他不想细说那些“事”,太多太杂,更怕说了会让妈妈担心。
沉默了一小会儿,趁妈妈追问前,他深吸口气,抬起头。
“妈,”他看着妈妈的眼睛,“我有个……礼物,要送给你。”
“礼物?”妈妈有些惊讶,“是什么?”
姜乃起身回了自己房间,半晌,拎着一个被行李压得有些皱巴的信封出来。
“这个……”他双手递过去,语气郑重,“给您的,新年礼物。”
妈妈带着疑惑接过来:“我能现在打开看看吗?”
“嗯。”姜乃用力点下头,指尖掐紧了掌心。
信封只用透明胶简单封了口,妈妈小心翼翼揭开,手指伸进去,轻轻一捻。
过塑的相纸缓缓滑出,最后躺在她的掌心。
暖光打在上面,泛起层模糊的柔光,妈妈双手微微一颤,声音瞬间哽住了。
“这……这是……”
“元旦的时候,”姜乃小声说,“陈君颢带我和他家人一块,去了音乐厅看新年音乐会……”他顿了顿,声音更轻了,“结束的时候,他帮我拍的。”
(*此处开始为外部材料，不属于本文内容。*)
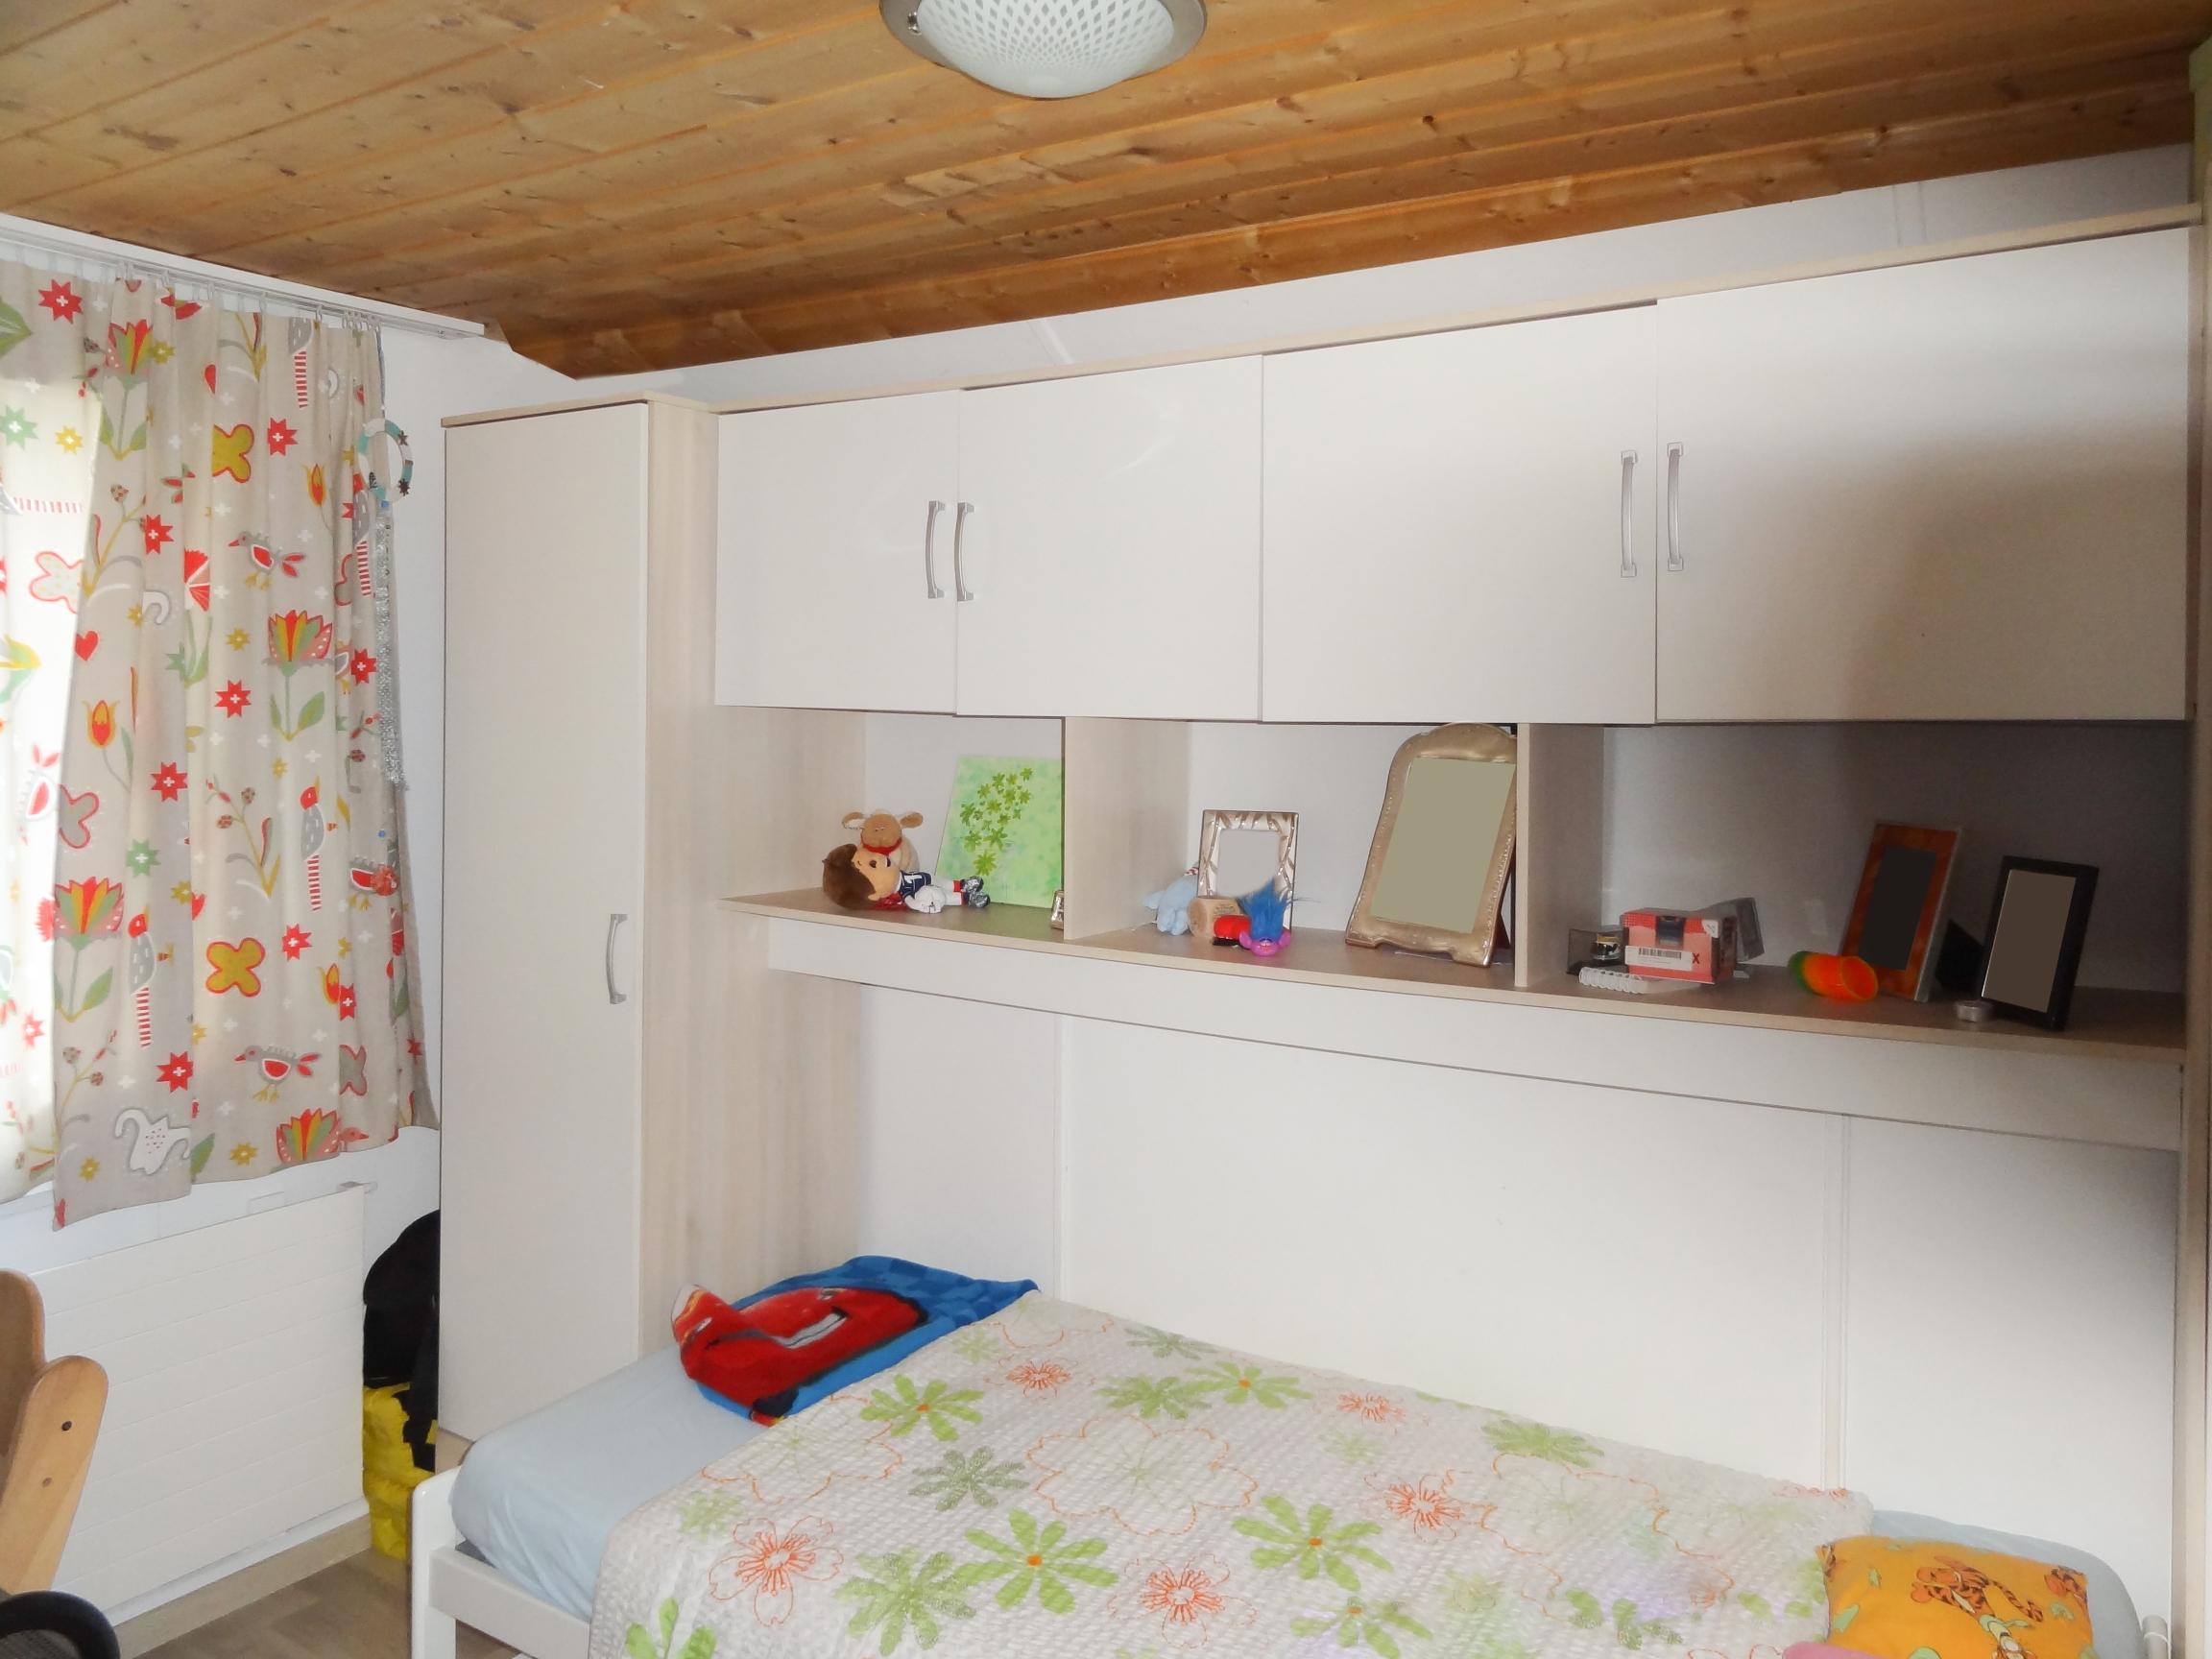 Kinderzimmer 1_resized_20190515_095808744.jpg

妈妈的手指剧烈颤抖起来,紧紧捏着照片边缘,指节都泛起了白。
灼热的视线在相纸里那抹墨绿的身影上反复流连,指尖忍不住一遍遍地来回摩挲。
嘴角想要扬起,却压不住滚落的眼泪,大颗大颗地砸在光滑的塑封膜上,被指尖晕成一片水痕。
“小乃……”她的声音碎得不成样子,哽咽里却扬着喜悦,“真好看……我们小乃真好看……”
“妈……”姜乃手忙脚乱地抽了几张纸,“你别哭……”
“妈没哭,”妈妈赶紧摆摆手,胡乱蹭了蹭眼角,“妈是高兴,太高兴了。”
她小心翼翼举起照片,对着灯光仔细端详。
“音乐厅啊……”
“嗯。”姜乃应声,“就是那个……旋转楼梯那里。”
妈妈没再说话,又低头抹了把眼泪,把相片轻轻放到茶几上,几乎是小跑着进了卧室。
“妈?”
“没事儿!”妈妈的声音混着翻箱倒柜的声音传来,没一会儿,她捧着本厚厚的、边角都泛黄卷边的老相册跑了出来。
她把相册放到茶几上,自己直接盘腿往地上一坐。
“妈!地板凉!”姜乃想拉她。
妈妈只摆摆手,没着急翻相册,手指在磨旧的硬壳封面上摩挲了一会儿,才带着点郑重,慢慢翻开。
相册里大多是些褪了色的老照片,边角印着的数码日期都有点模糊了。
她翻得很快,几乎没有多犹豫,熟练地停在了某一页。
一页上下夹着两张照片,她小心地取出下面那张旧照片,把茶几上姜乃的那张崭新的,仔仔细细地放进去。
同样的楼梯转角,连角度都近乎分毫不差,一张浸在泛黄的暖阳里,一张沐在清幽的月光下。相似的眉眼,扬着同样内敛柔和的笑。
两张照片隔着二十年的岁月,静静依偎在一起。
妈妈的手指轻轻抚过相册页面,眼泪又无声地淌了下来。
“真好……”她喃喃着,声音轻得像叹息,又沉甸甸的装满了欣喜,“真好……”
姜乃站在妈妈身后,心口像被什么又酸又暖的东西塞满了,涨得喉咙都有些发涩。
他看着相册里那两张相似又不同的照片,看着妈妈被定格在相册里的青春。
“这张照片……”妈妈哽咽了一下,指着那张老照片,“妈妈当年拍的时候,也跟你差不多大呢。”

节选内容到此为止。